- _RAW DATA_
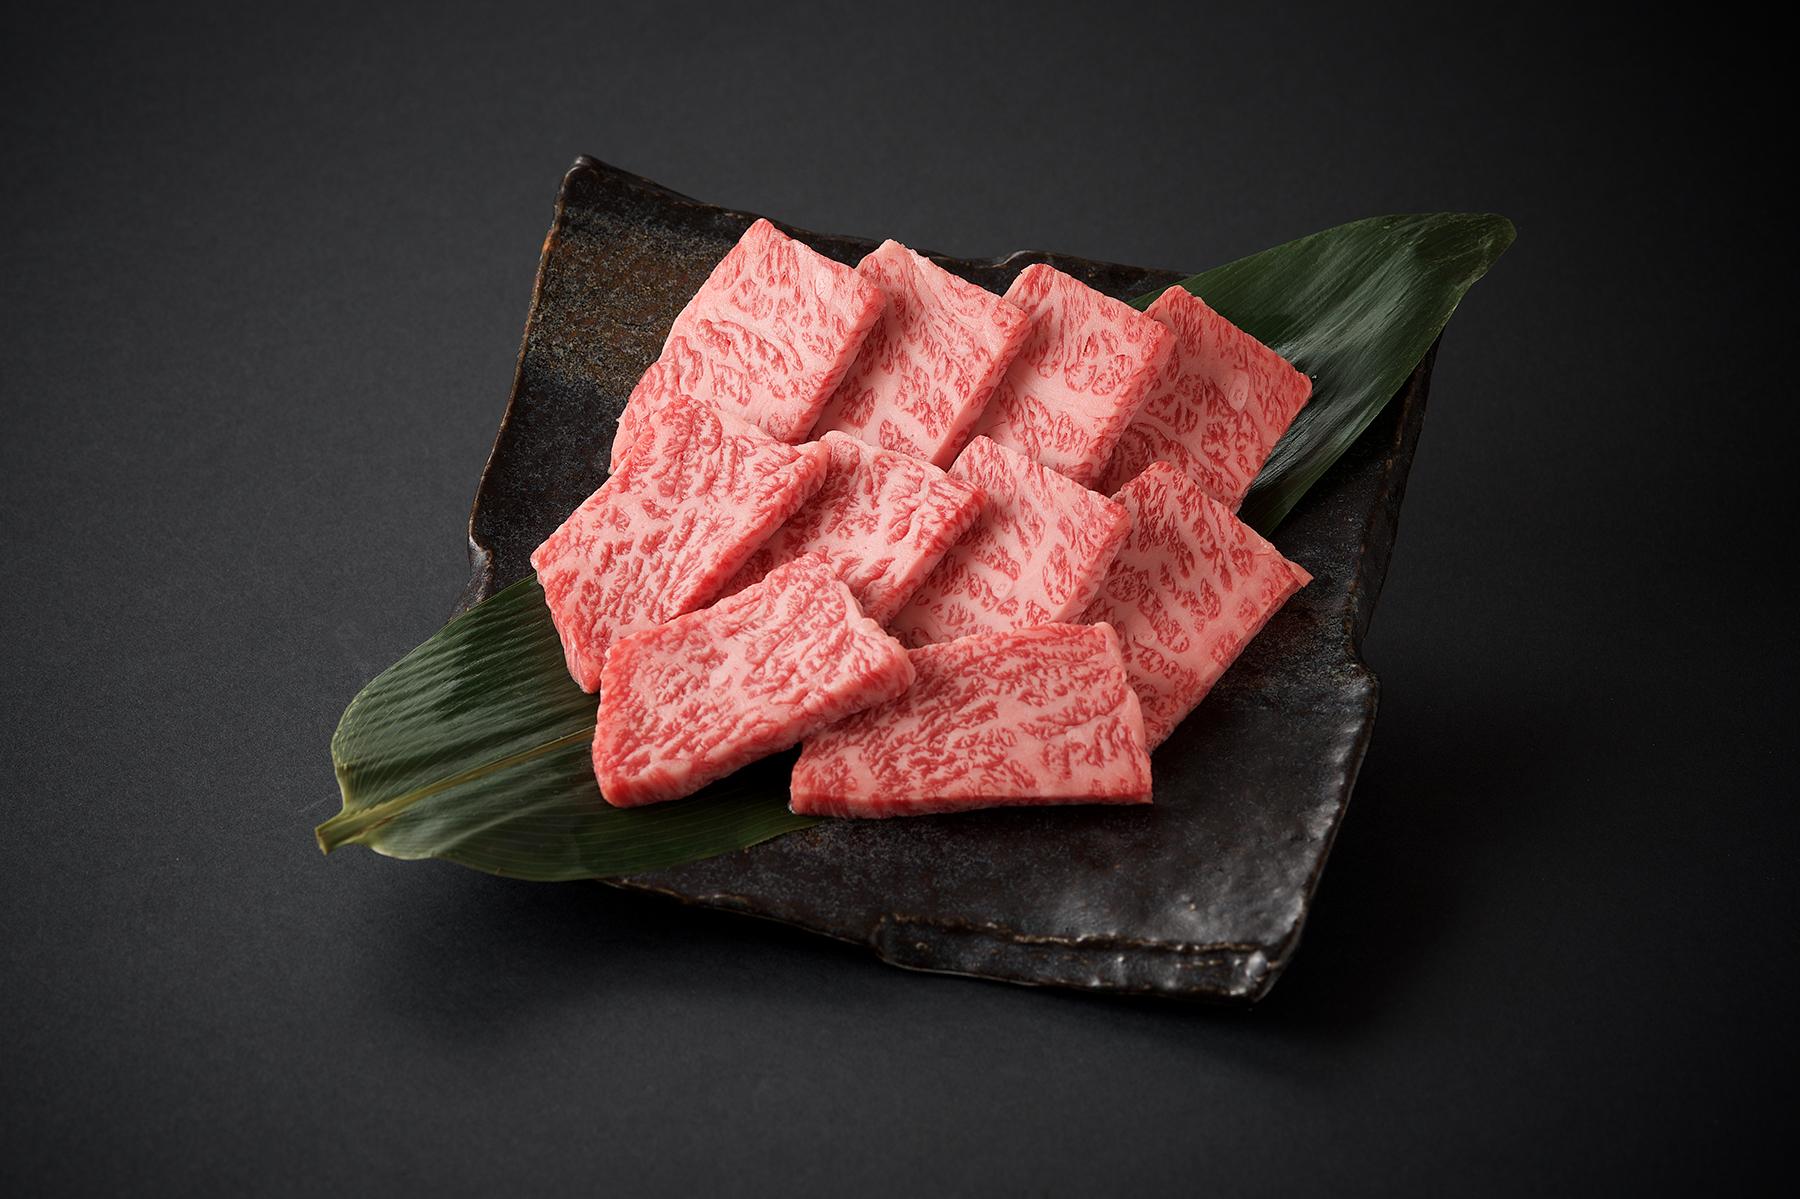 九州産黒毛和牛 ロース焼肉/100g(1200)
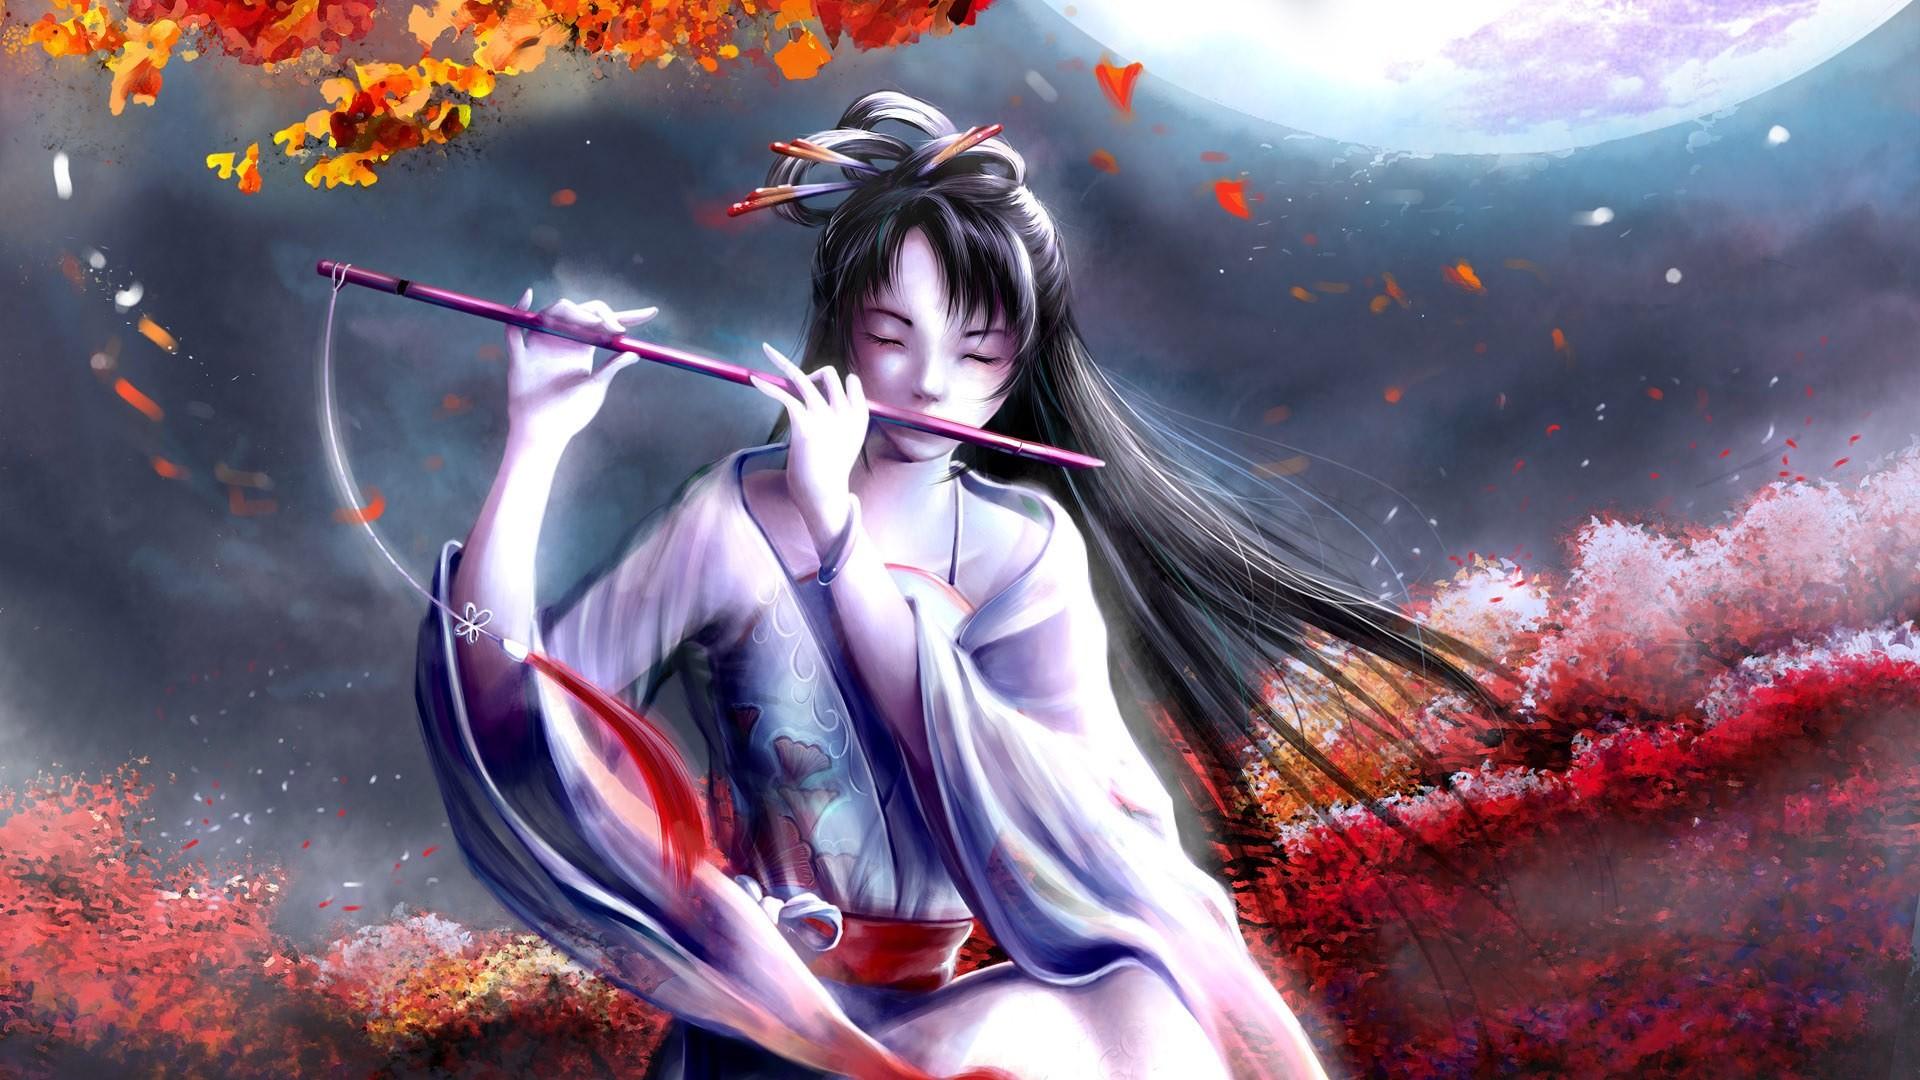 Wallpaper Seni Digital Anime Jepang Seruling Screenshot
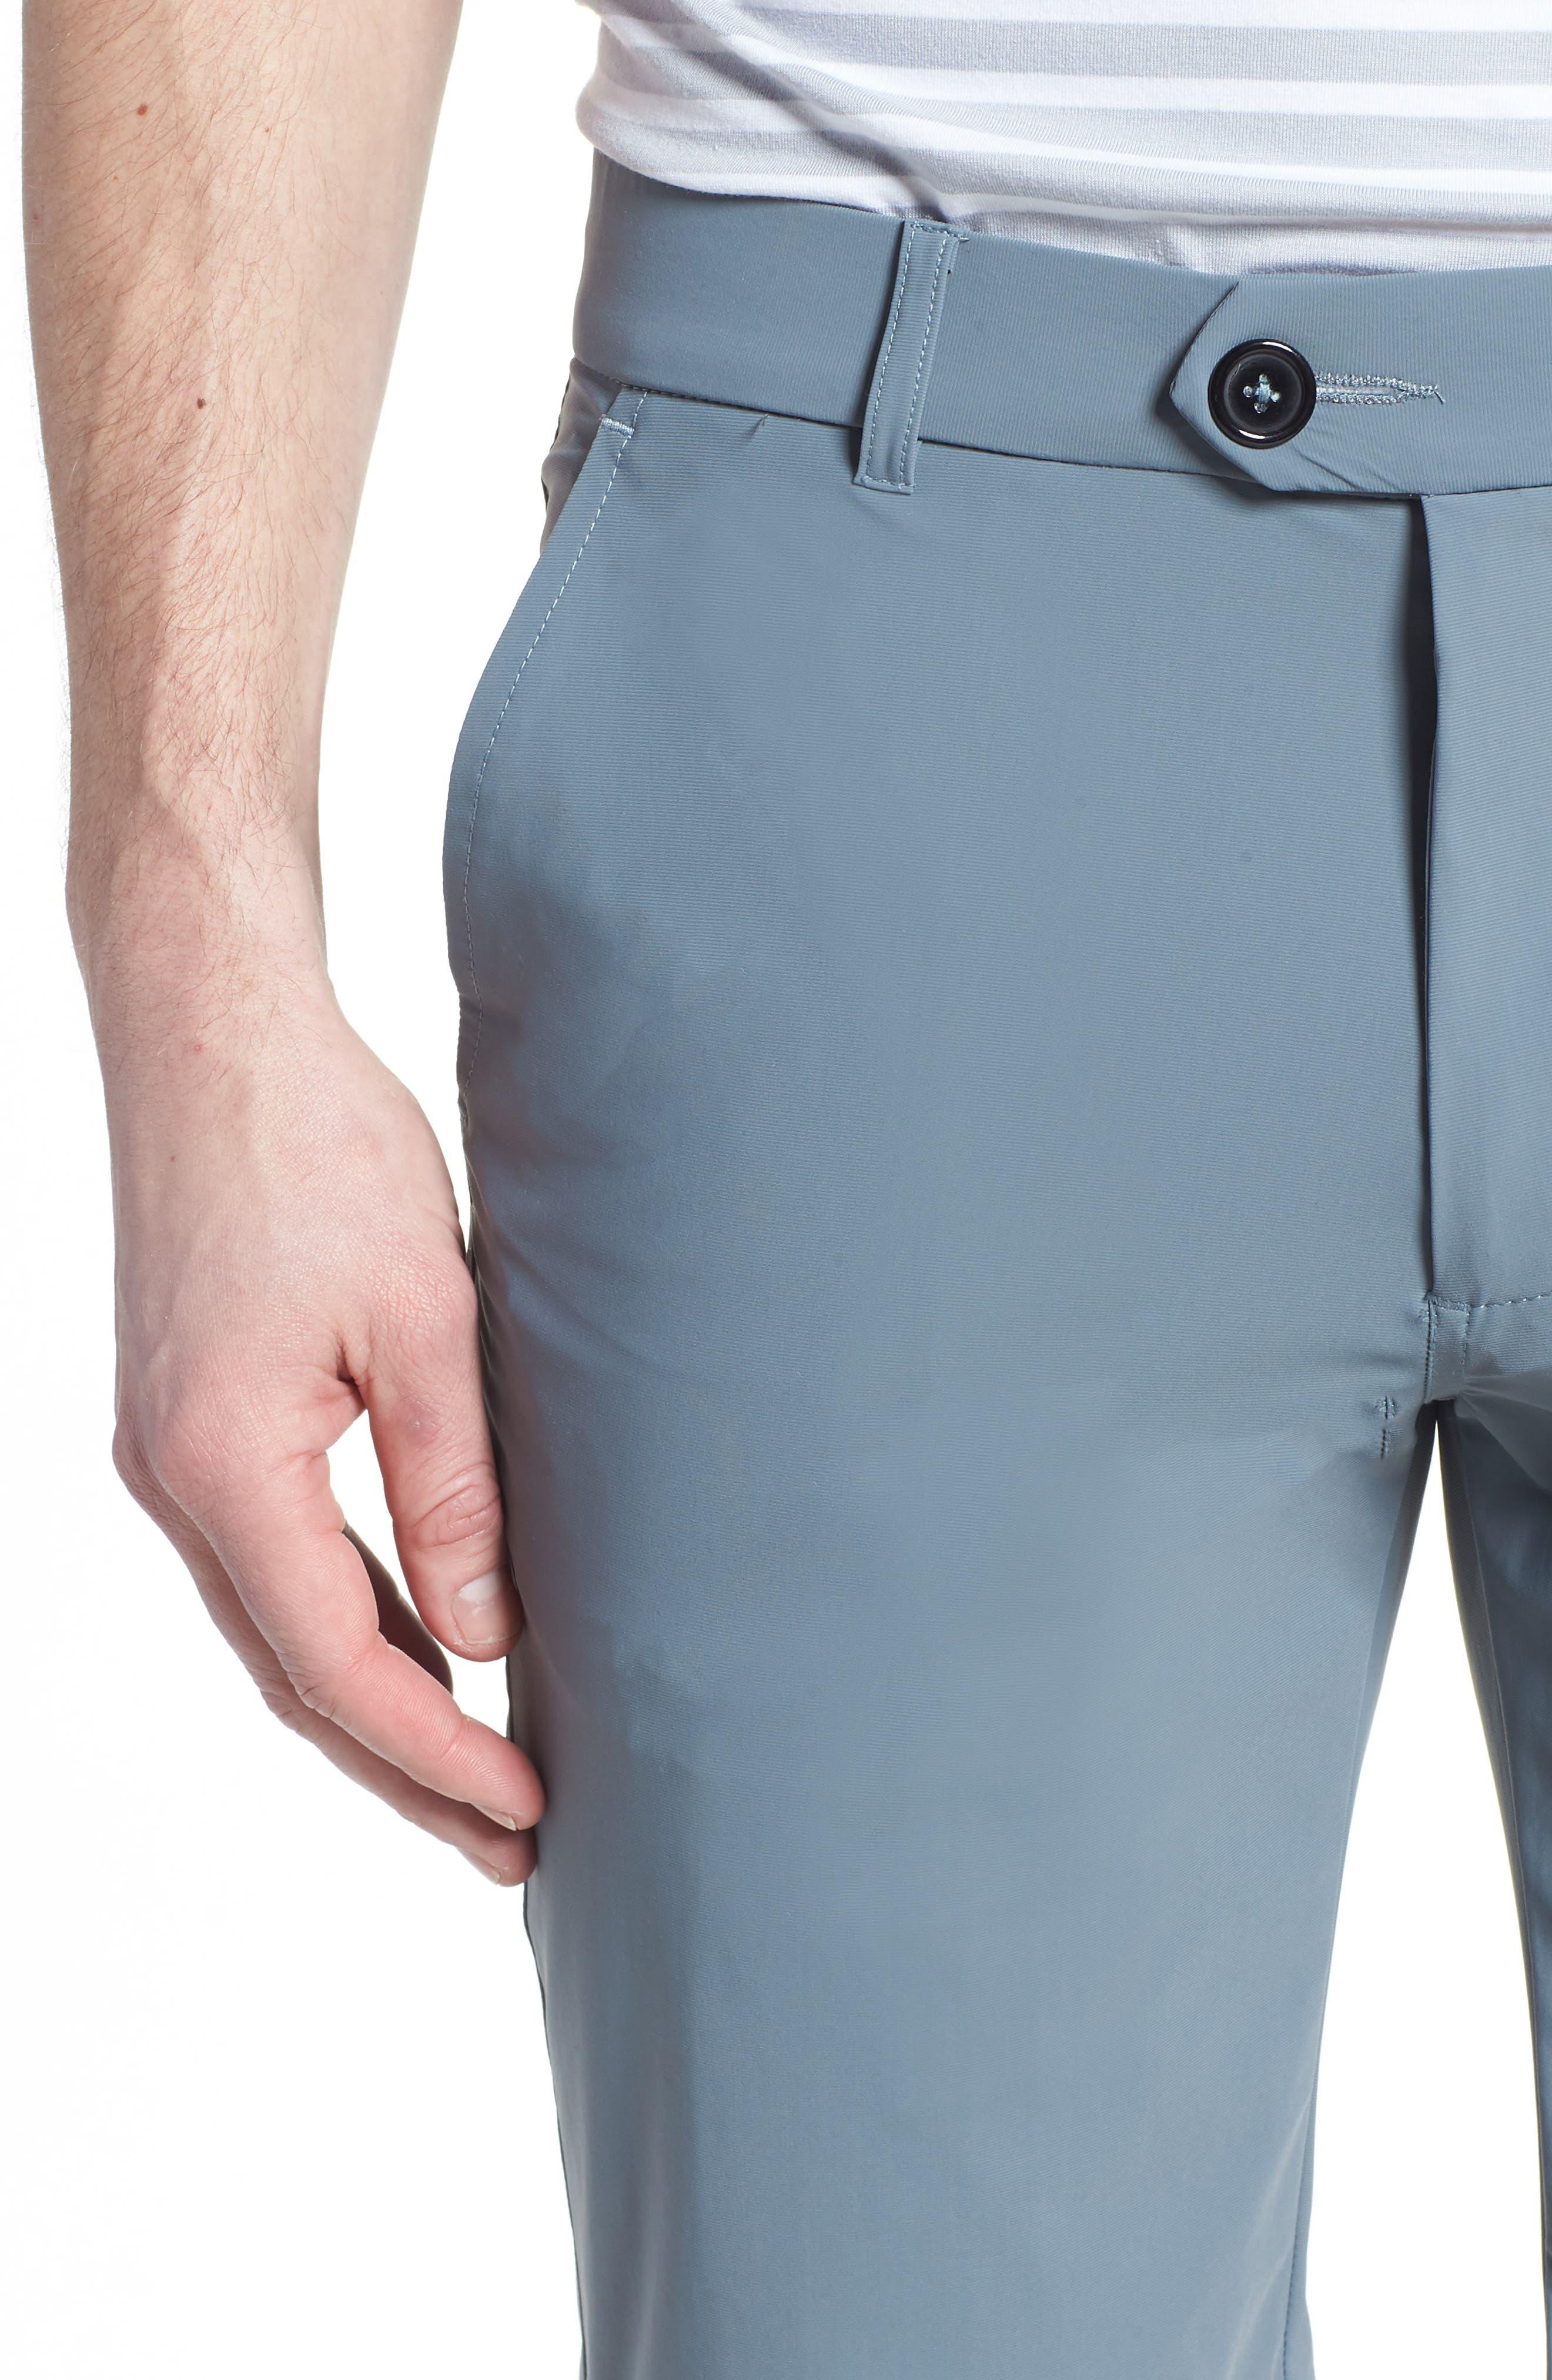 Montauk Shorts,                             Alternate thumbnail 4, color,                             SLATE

- _YOUR OBJECTIVE_
Output the whole of the data, unchanged; keep the pictures out.

- _FINAL ANSWER_
 九州産黒毛和牛 ロース焼肉/100g(1200)
 Wallpaper Seni Digital Anime Jepang Seruling Screenshot
 Montauk Shorts,                             Alternate thumbnail 4, color,                             SLATE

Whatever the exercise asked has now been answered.